3. On this, a rule was issued against the petitioners requiring them to show cause why they should not be punished for the contempt of court. As regards petitioner 2 Ajay Razdan, a non-bailable warrant was issued which was to be executed by the DIG, Jammu Range. However, the warrant was not executed and the police pleaded helplessness which conduct came for consideration. Some of the petitioners appeared before the Court while Ramesh Kumar Bhat and Romesh Trakroo did not appear. So much so, nonbailable warrants had to be issued against them. In view of the passage of one year from the date of impugned order dated 8-12-1993, fresh warrants were directed to be issued and executed by SSP concerned against Ramesh Kumar Bhat and Romesh Trakroo.

4. It is argued on behalf of the learned counsel for the petitioners that neither of them was responsible for the alleged manhandling of the Assistant 761 Controller of Examination, Mohd. Yasin Malik. Even otherwise, concerning a matter which took place outside the court, they cannot be held responsible. Therefore, the errant students punished in this manner, may not be warranted in the circumstances of the case.

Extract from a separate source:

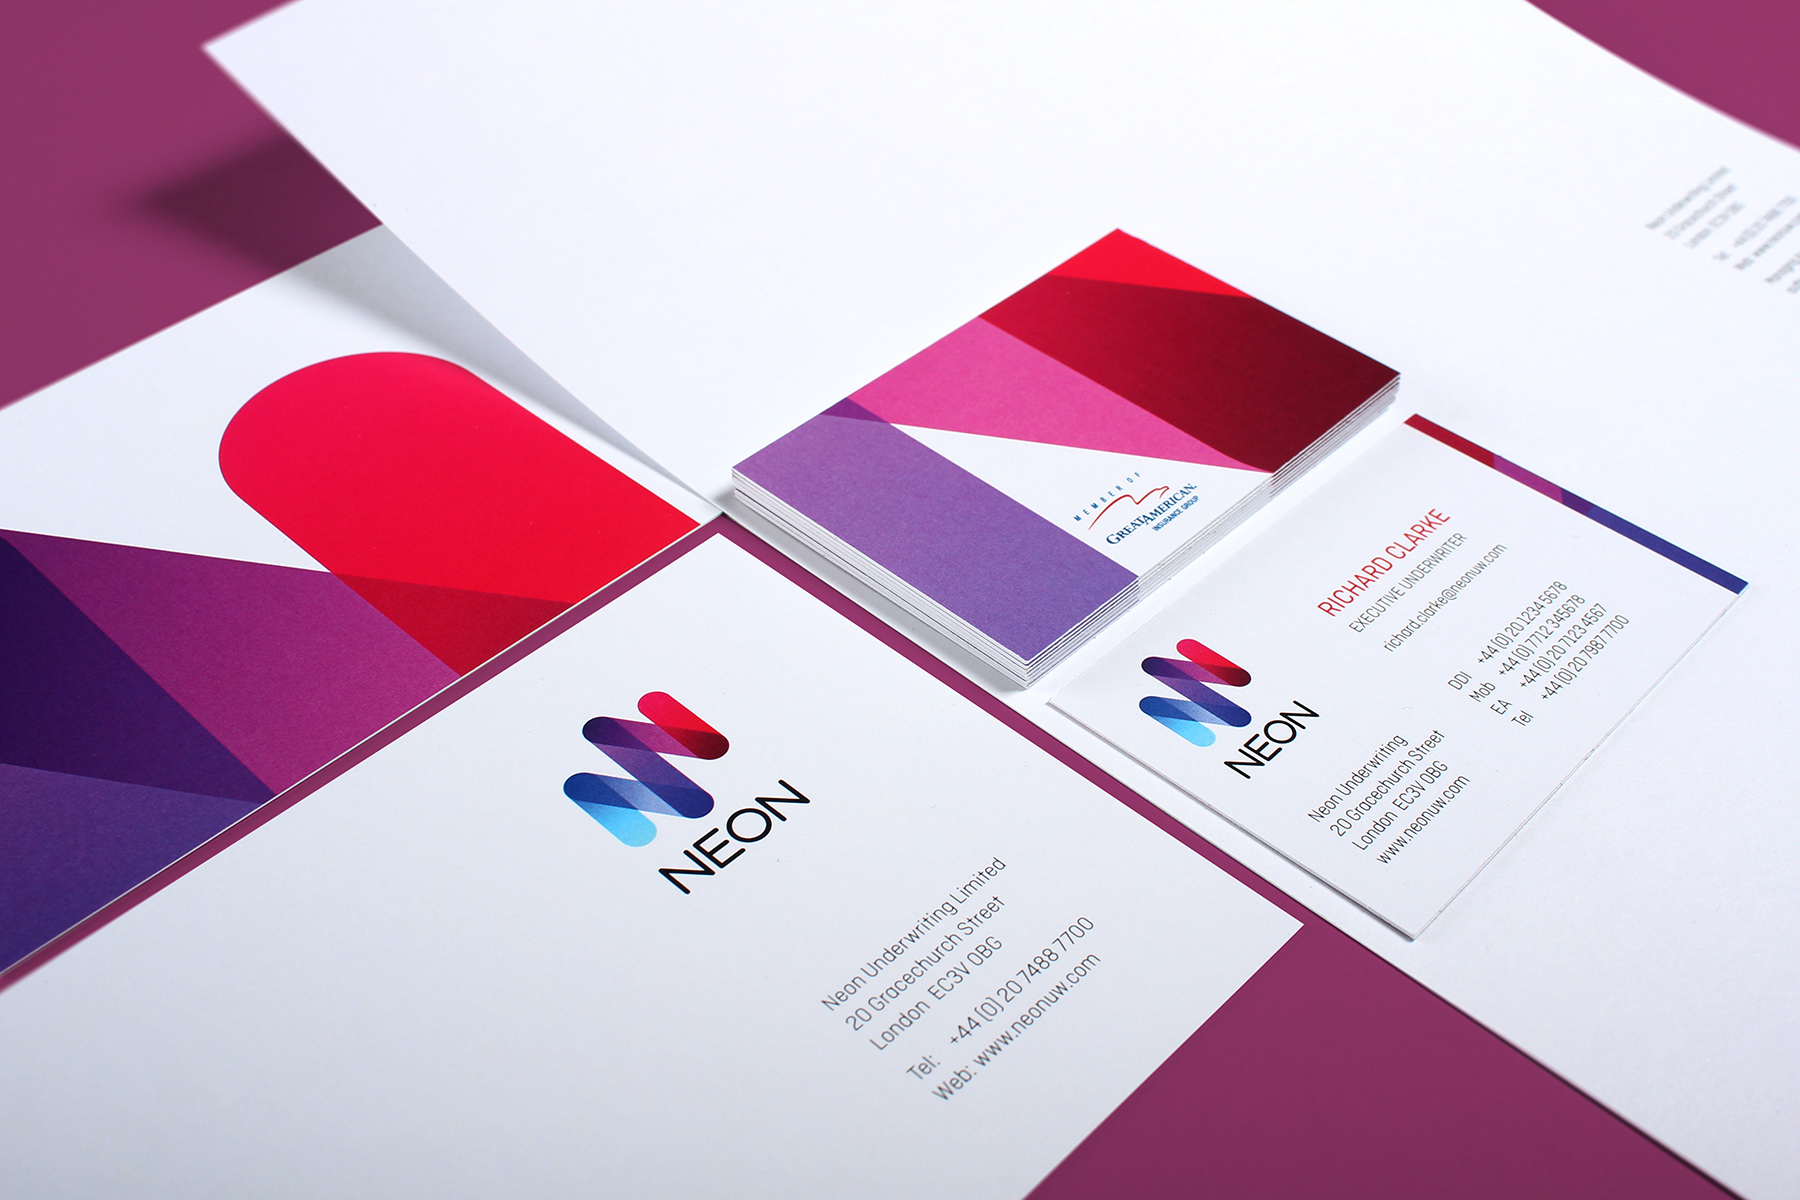 The print and stationery look and feel is simple, bright and bold. We utilised a contemporary rounded germanic font to add to the overall feel.

5. The impugned order dated 8-12-1993 states as follows "Two contemners, namely : Ramesh Kumar Bhat and Romesh Trakroo have been successfully evading the process of this Court for the last about one year. The SSP Jammu was directed to execute the nonbailable warrants against them by an order dated 3-12-1992. On his failure to do so he was ordered to remain present before this Court vide order dated 10-3-1993 for 30-3-1993.

contemners to be executed by the SSP concerned and shall remain valid till the same are executed."

6. Contempt is essentially a matter for the court concerned. Such a jurisdiction is vested in the court in order that the majesty of law can be upheld. If any interference is made or sought to be made in the course of justice, the court must take a serious view of the same. As to what exactly happened on 15-7-1992 is a matter which will have to be correctly ascertained and law must be allowed to take its course. For students to circumvent orders of court cannot be tolerated. Therefore, we cannot interfere.

However, we would direct the petitioners to appear before the High Court and tender their unconditional apology without pleading any technicality. In such a case, the court may take a sympathetic view and pass such orders as it may deem fit. Subject to these observations, the present SLP is disposed of.